Beautiful Friday afternoon in Ithaca. I'm sitting in the seventh floor stacks of Olin, overlooking the arts quad and the lake. The autumn colors are vivid, the grass on the quad is dewy, the sun is shining, the clouds hypnotize me as they cross the sky. I am looking at Cornell with a fresh pair of eyes this year. I can't help thinking that this is my last fall in upstate New York, and maybe my last chance to enjoy fall colors (are there deciduous trees in the Pacific Northwest?). Next Monday I officially sign my offer and will begin planning the next two to three years of my life - moving to Seattle, buying a car, maybe forming a band? I need to take the GRE before I graduate so that I can leverage opportunities at UW because I want to learn more about signal processing and perhaps explore signal processing and sentiment analysis (!).
I have a few random ideas I want to share, but first, this is cool: http://www.youtube.com/watch?feature=player_embedded&v=vKpdFIlbqSY
Lately I've realized that I can identify areas that interest me, but I rarely come to conclusions or proofs of anything. I've been reading posts from other scholars and I'm impressed by ideas and claims. I have a few topics I've been dabbling in... as I mentioned in my first blog post, I'm interested in religion, theology, and generally, belief and value systems. I'm interested in the anthropology of belief systems and religious identity, as well as scripture as literature. Compared to the heartlands of Ohio, my undergraduate career has been the most secular experience of my life. I feel that I've grown away from viewing religion personally and instead have been interested in studying religion as human behavior.

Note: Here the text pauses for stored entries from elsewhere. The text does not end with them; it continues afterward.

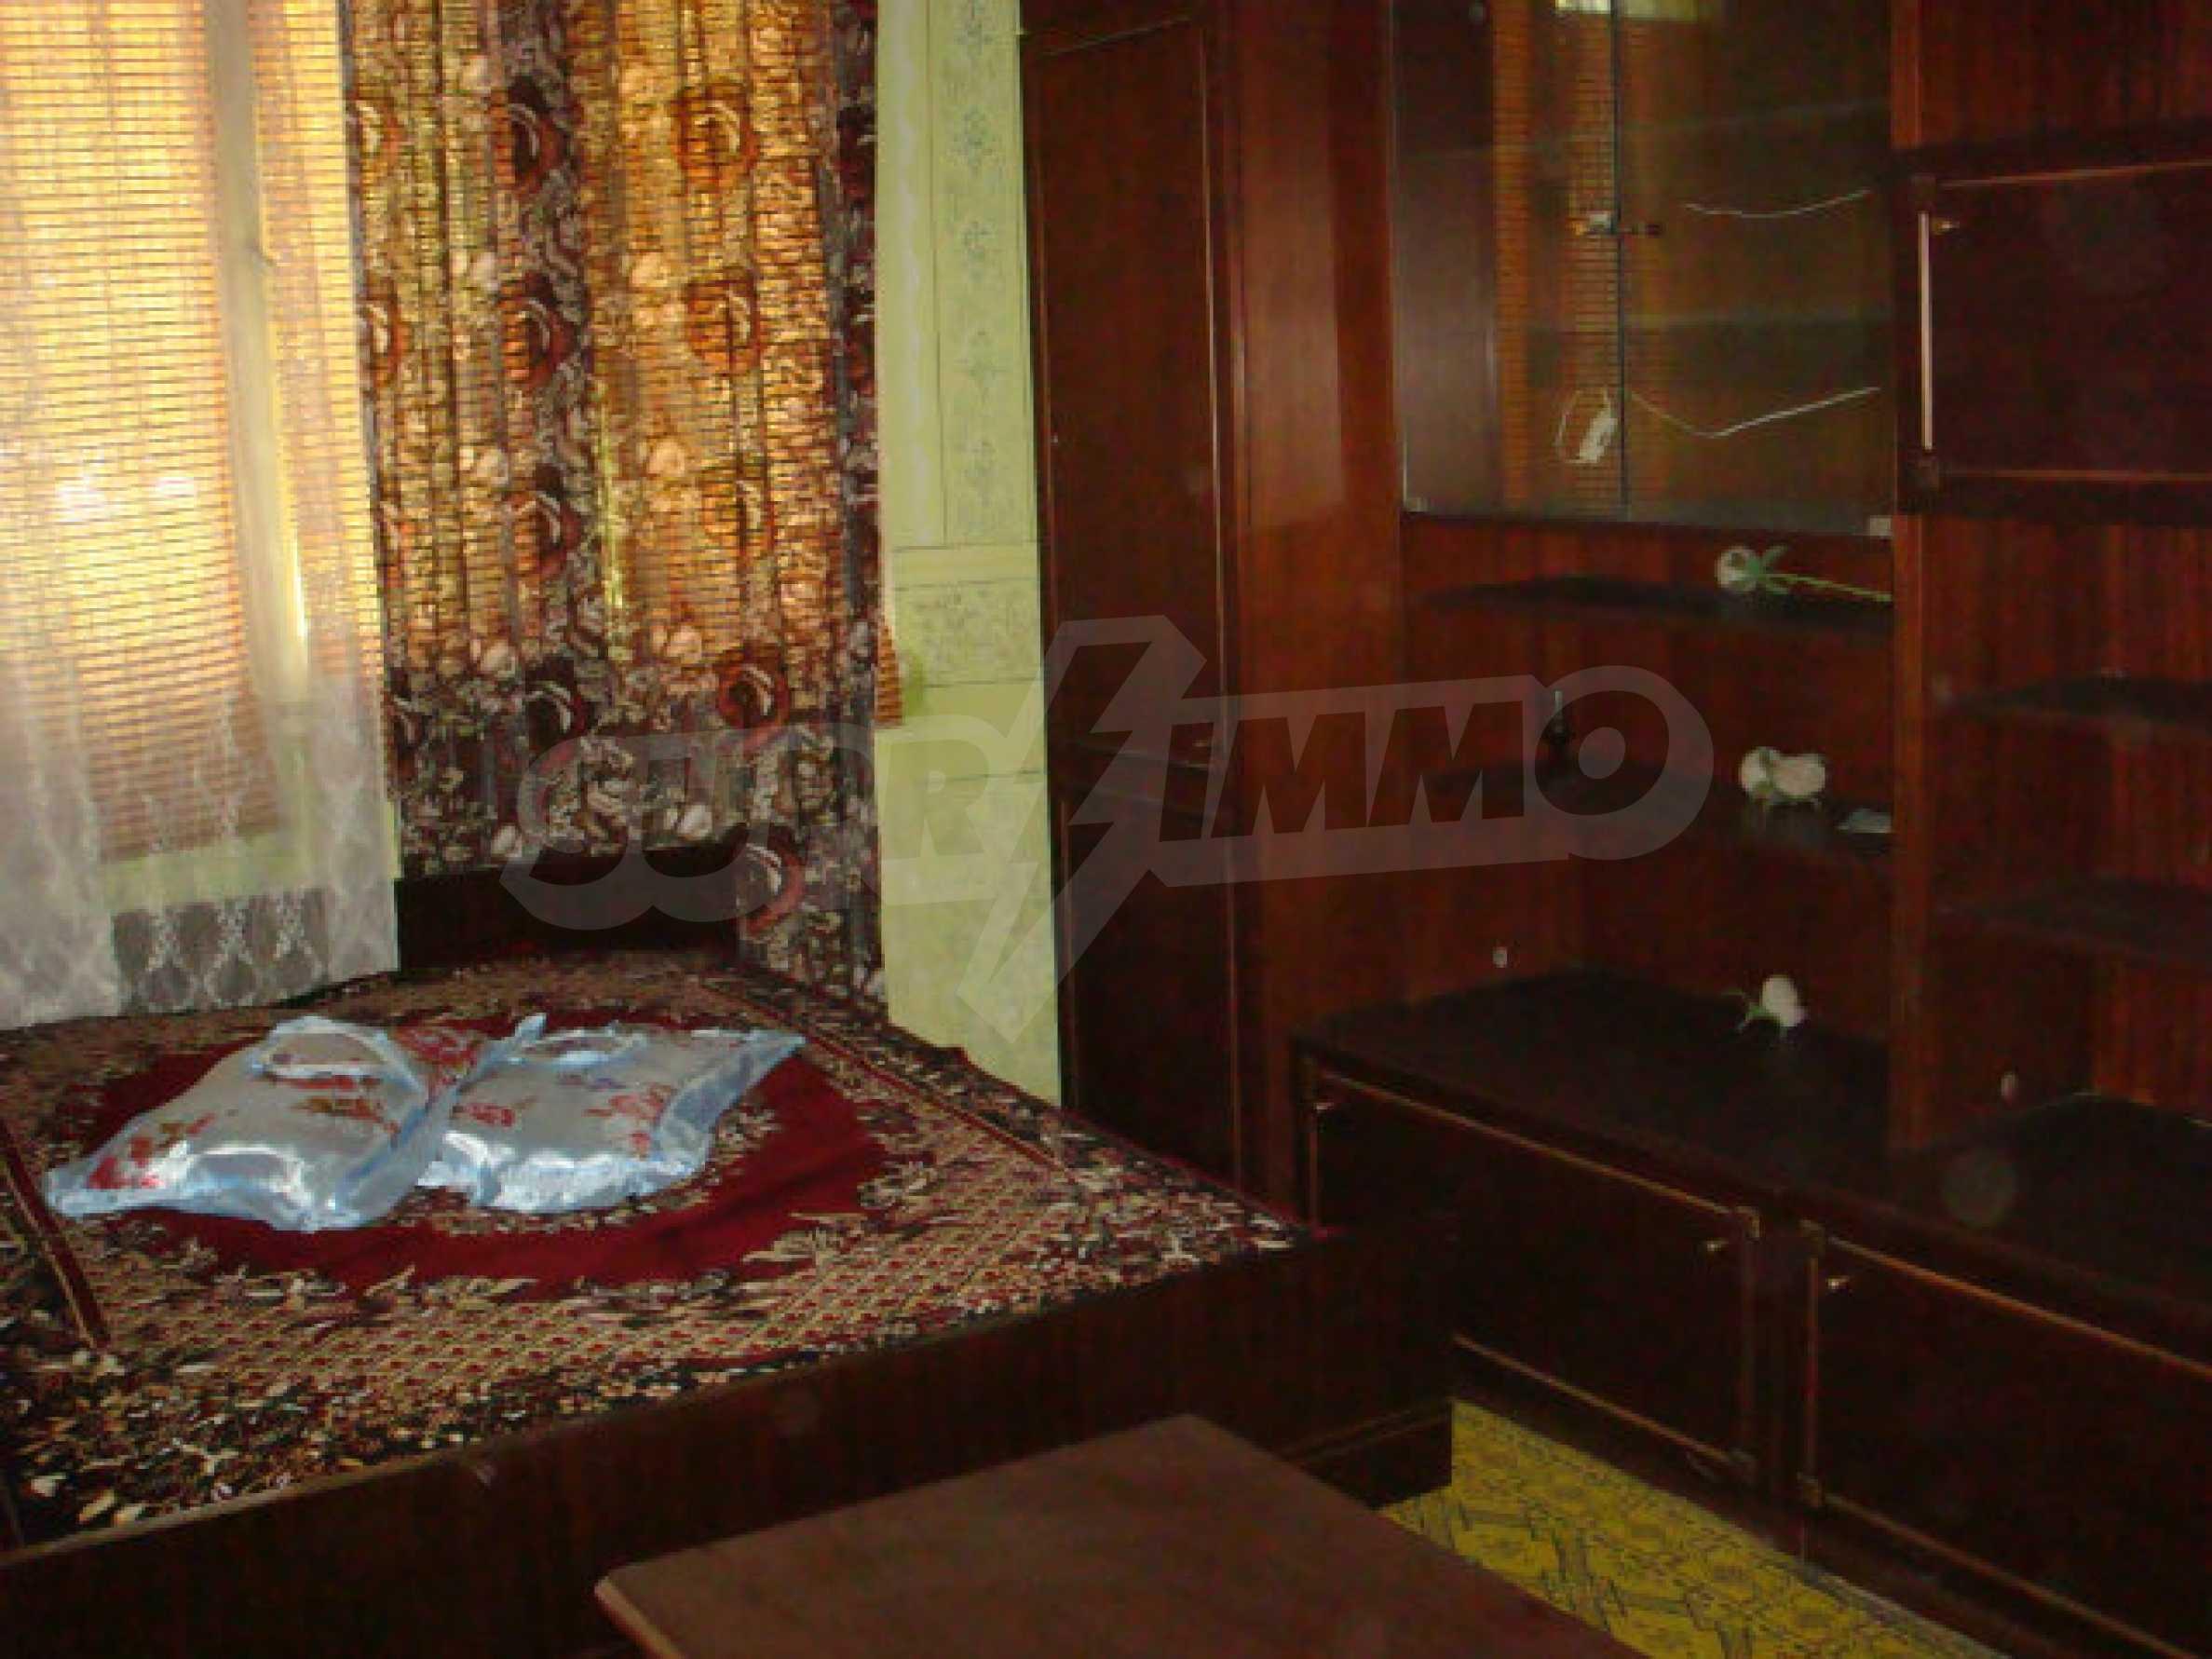 House for sale in village near Vidin 6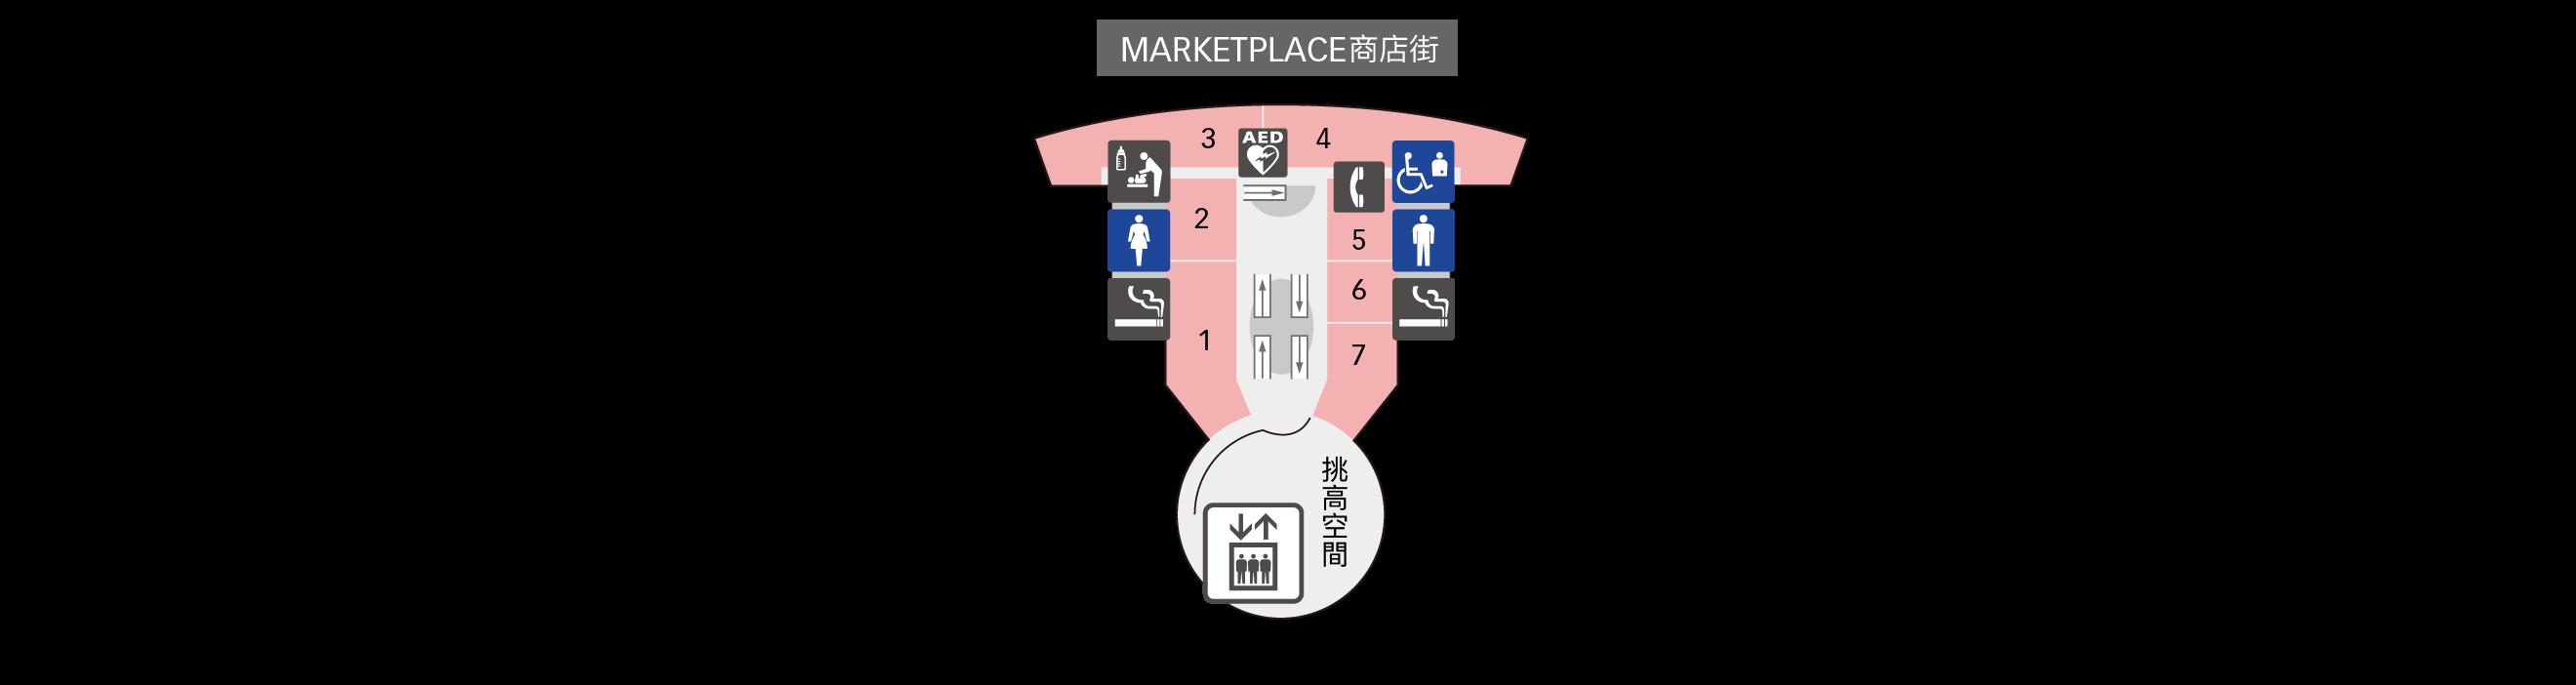 4F餐廳&商店樓層地圖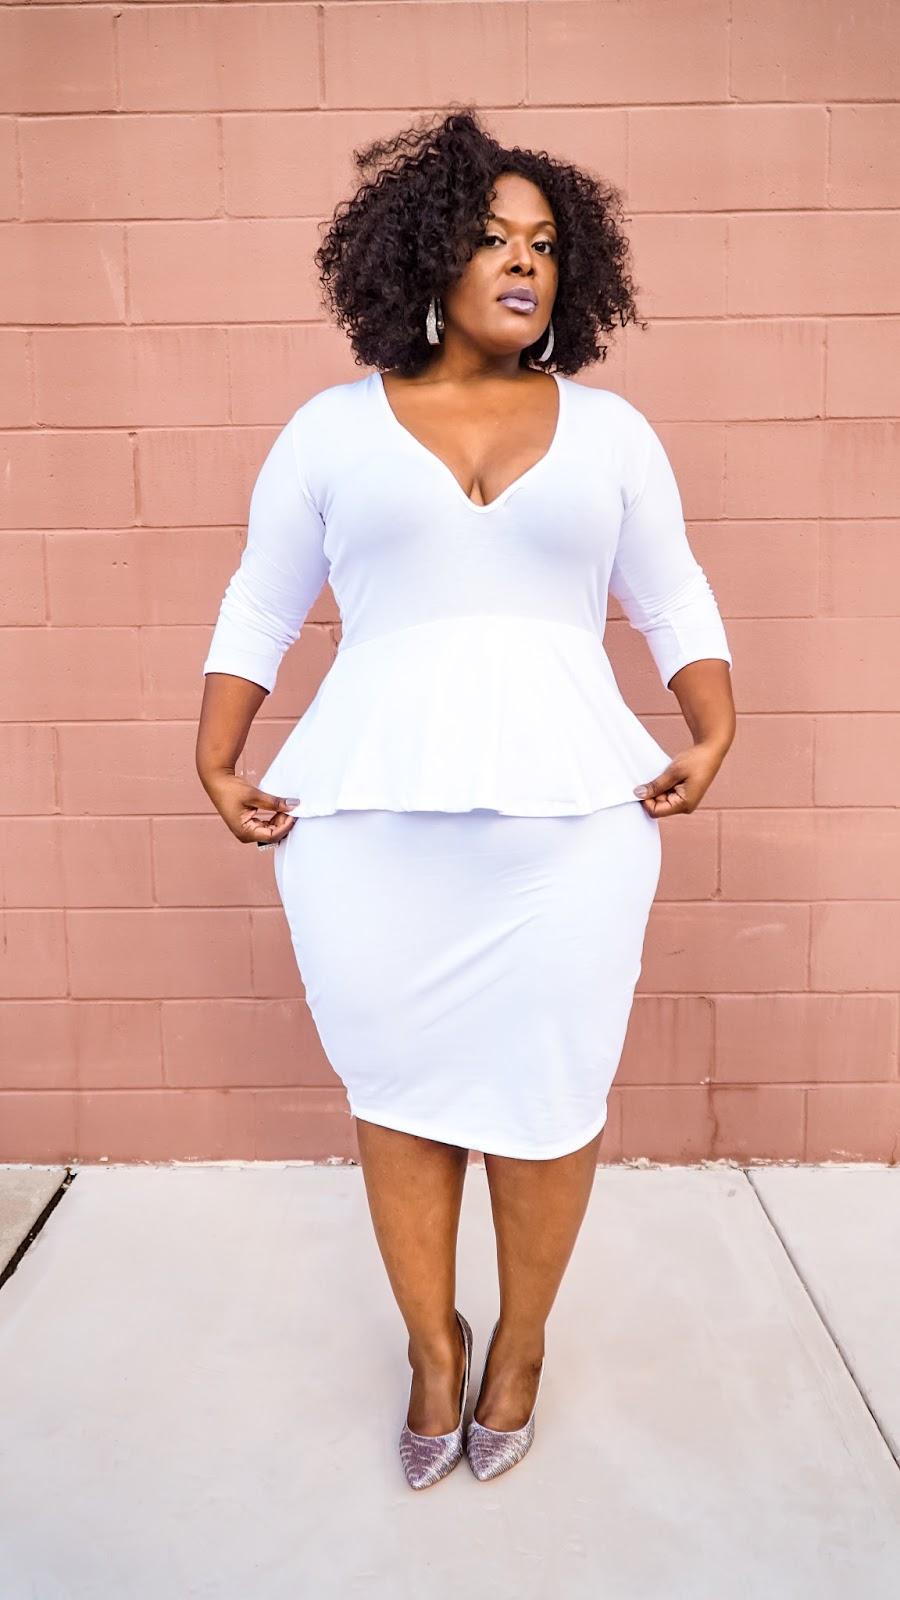 Big Bella Donna Fashion: Winter Whites with Rebdolls \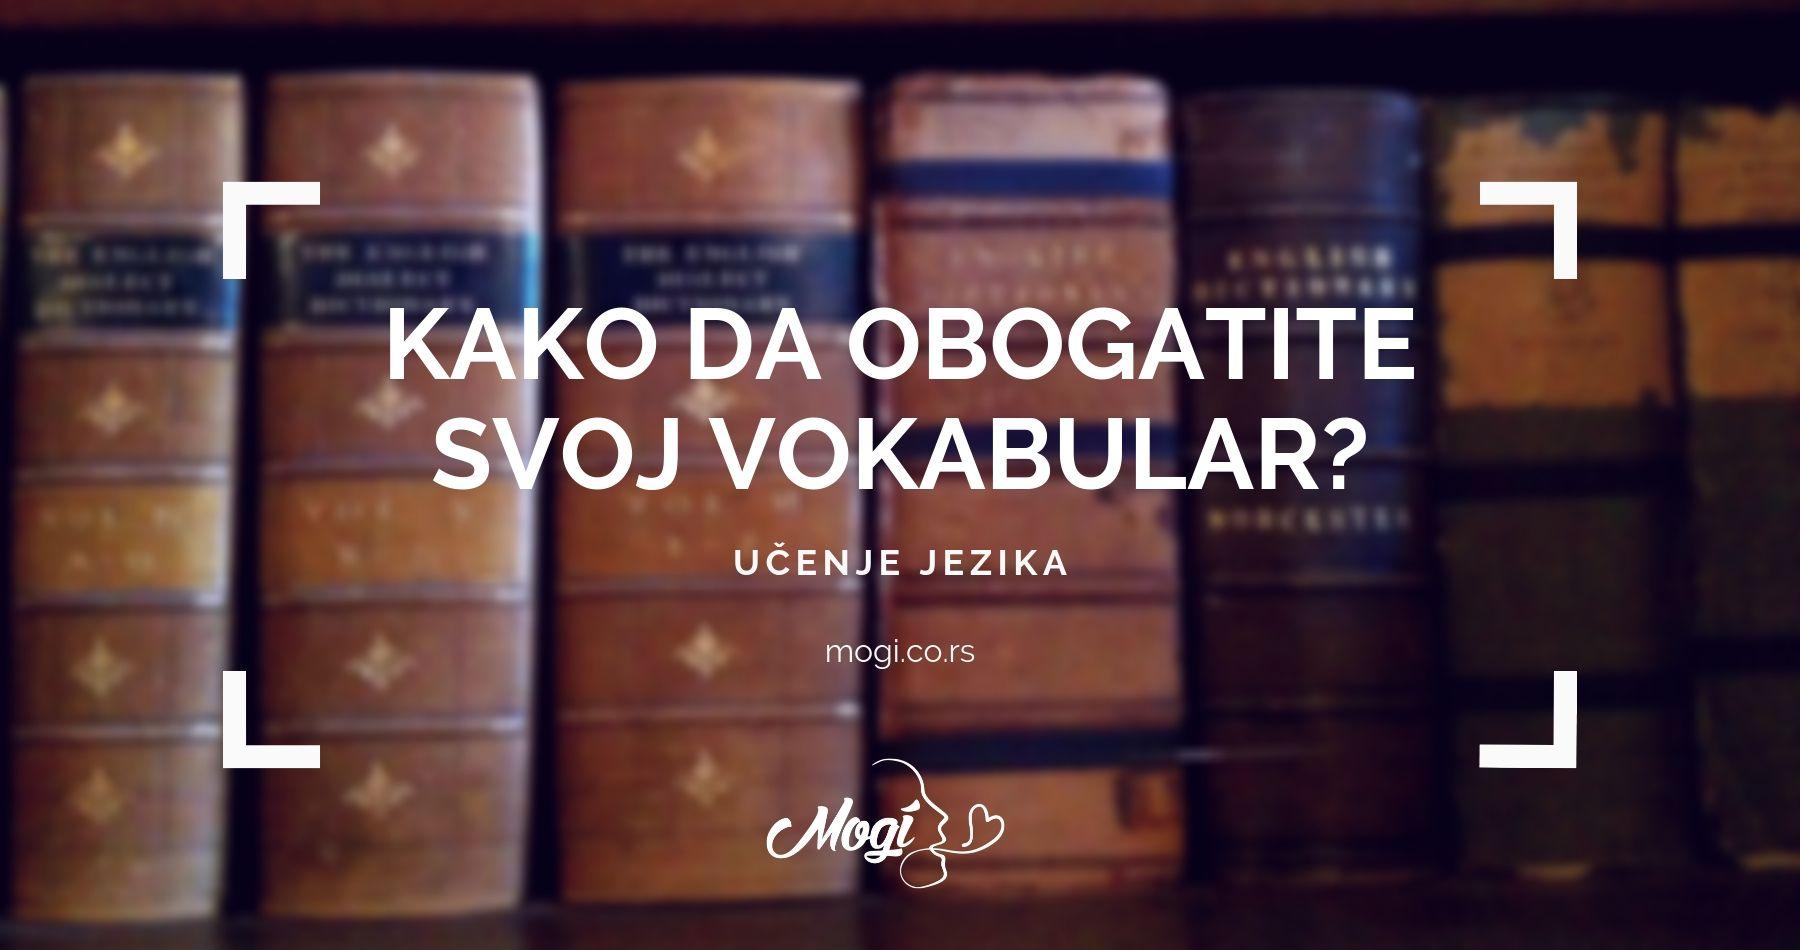 Profesori u školi jezika Mogi pomoći će vam da obogatite svoj vokabular za željeni jezik

We covered free will in my cognitive science class last week, and I've been applying it in my religious studies class. Next week we cover ethics, which I expect to tie into these thoughts. In religious studies class we discussed the religious community constructed in the Hebrew Bible. This class has put an emphasis on the Hebrew Bible as a chronicle of the covenant between God and the Israelites, and one student remarked that people born into the Jewish community inherit the covenant, and must live by it.. that it could be seen as a "burden" that one does not choose. It's interesting that there is no exact story in the Hebrew Bible in which the Israelites or descendants of Adam verbally agree to this covenant, and yet in the Hebrew Bible, God expects the Israelites to uphold the covenant of exclusive worship in exchange for land and progeny. In comparison, Christian beliefs seem to centralize free will - Adam and Eve chose to eat the forbidden fruit, created original sin for humanity, and one must believe in Jesus for salvation. In short, salvation must be a choice. The Qur'an focuses on an omnipotent God who guides whoever He chooses to the *straight way* - then how can a person submit if that is in God's power?
All things to think about, without much of a conclusion. I just think it's interesting to see free will as a cornerstone to religion - how much power do humans have over their actions or in relationship to God in each text? How much control does a person have over his own life, destiny, afterlife?
We've moved onto apocalyptic texts in this week. There is research in the science of why people believe in God/gods - I think The God Delusion may touch upon this, and I just saw a book about it in the Cornell book store. I wonder what lies behind the psychology of eschatology?